Friday, December 8, 2017

Albums of the Year # 18 James Elkington - Wintres Woma

From back in July. An excellent record this one:


James Elkington's splendid debut album, Wintres Woma, just out, maps out that golden sound of British guitar driven Folk Music of the late sixties and seventies with true and rare devotion. Bert Jansch, Richard Thompson and Nick Drake are all here, and Elkington does their immense legacy proud. Chicago based, (though he's English), and a hired hand for many years working with the likes of Jeff Tweedy and Steve Gunn and doffing his cap to the aforementioned artists as well as admitting a particular and detectable debt to Johnny Marr he's now doing his own thing and I certainly love what he does.


The record fits very firmly within the parameters I've listed above. Elkington is not flashy either in the way he writes, sings or plays. He respects and understands the tradition he's working in and pays its essential simplicity its due. The record is more than anything perhaps a nod to Drake's timeless first two albums Five Leaves Left and Bryter Later when he still had some buoyancy and outward projection to his music before succumbing to the introspection that gave birth to Pink Moon.

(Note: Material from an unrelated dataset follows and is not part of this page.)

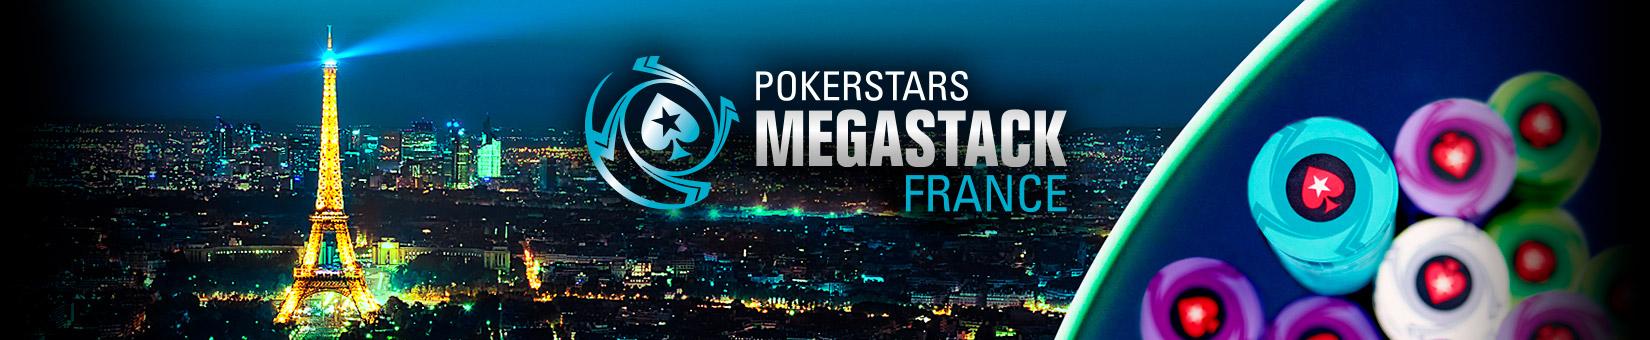 PokerStars MEGASTACK Франция
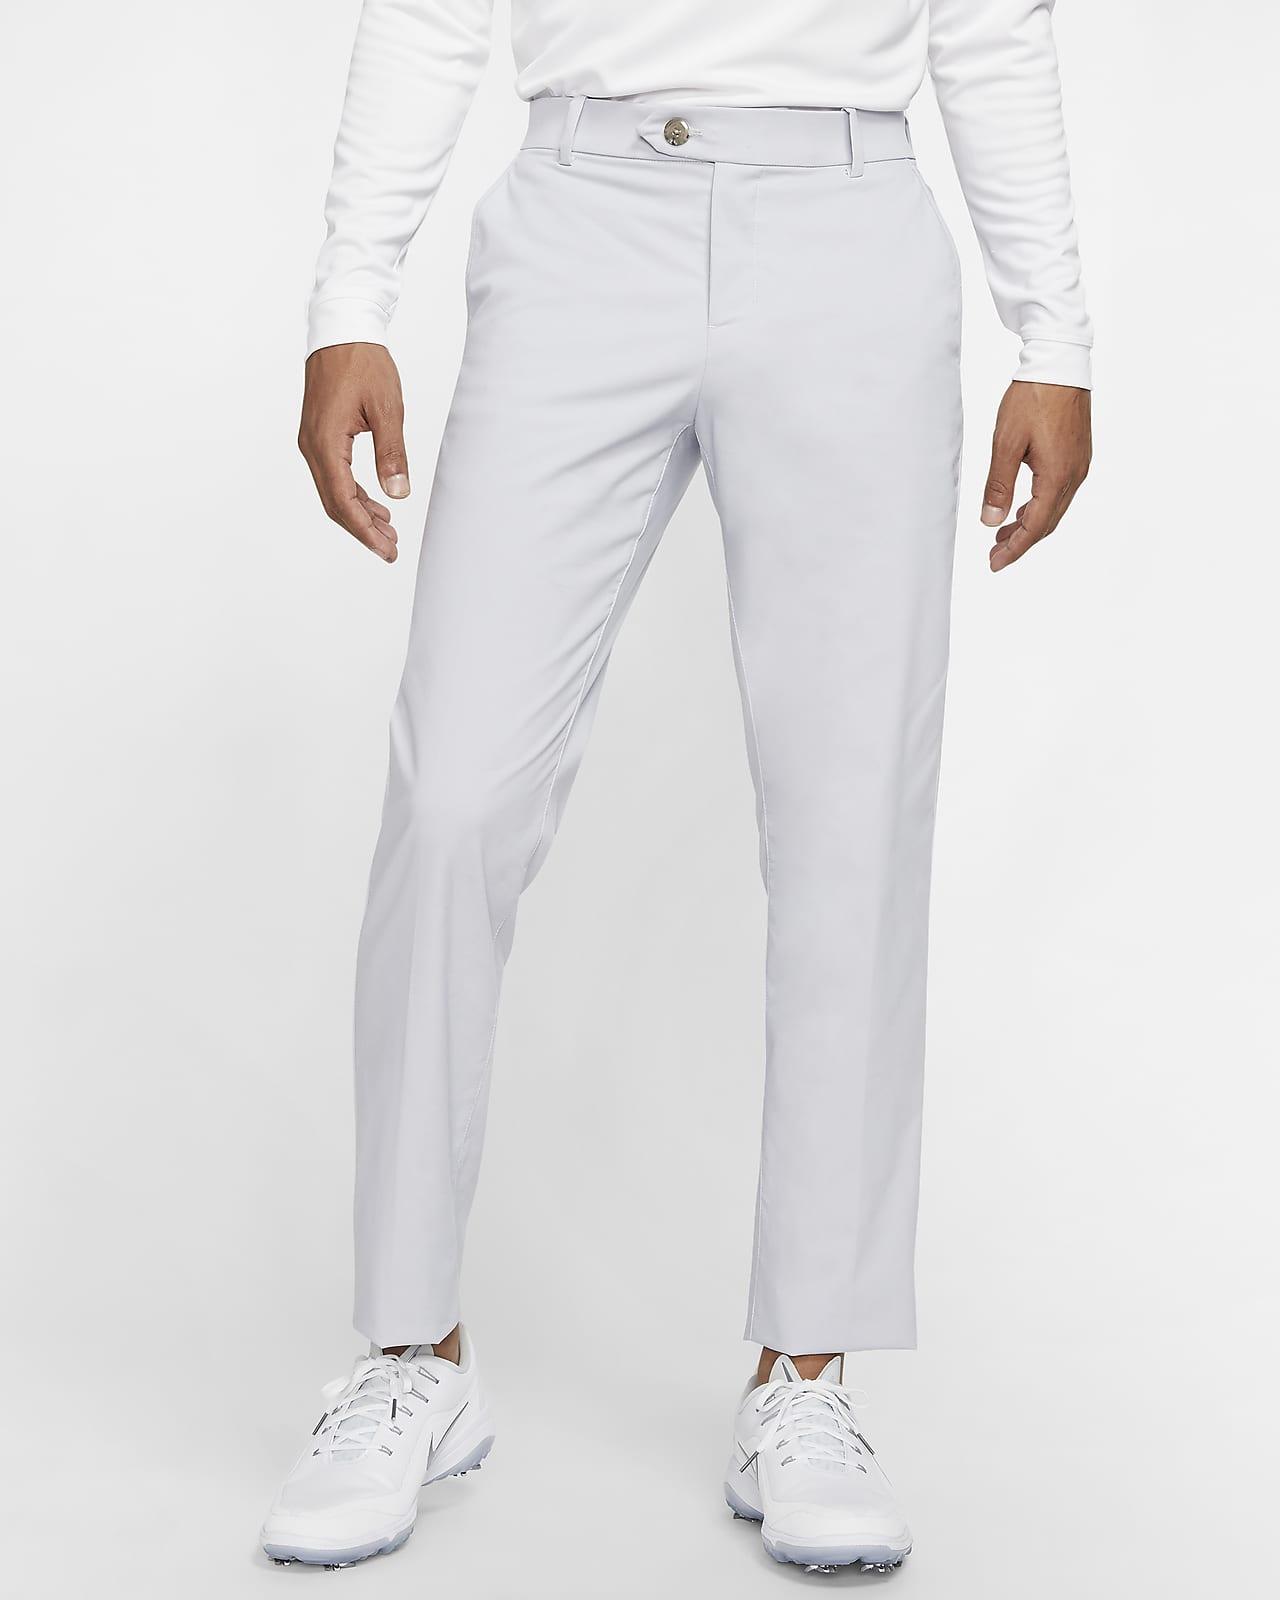 Nike Flex Player Men's Golf Trousers

This seems sure to be a grower, I'm listening through to it now for only the second time and making a promise to myself already to return to it soon, Wintres Woma is a demonstration of the truth of the maxim, 'If it ain't broke, don't fix it...' a difficult thing to live up to in some ways because the other side of that particular coin and one that more and more musicians seem to fall into can be slavish imitation of a template that is fundamentally impossible to improve upon. Elkington avoids all pitfalls effortlessly through sheer skill, thought and empathy. A lovely album!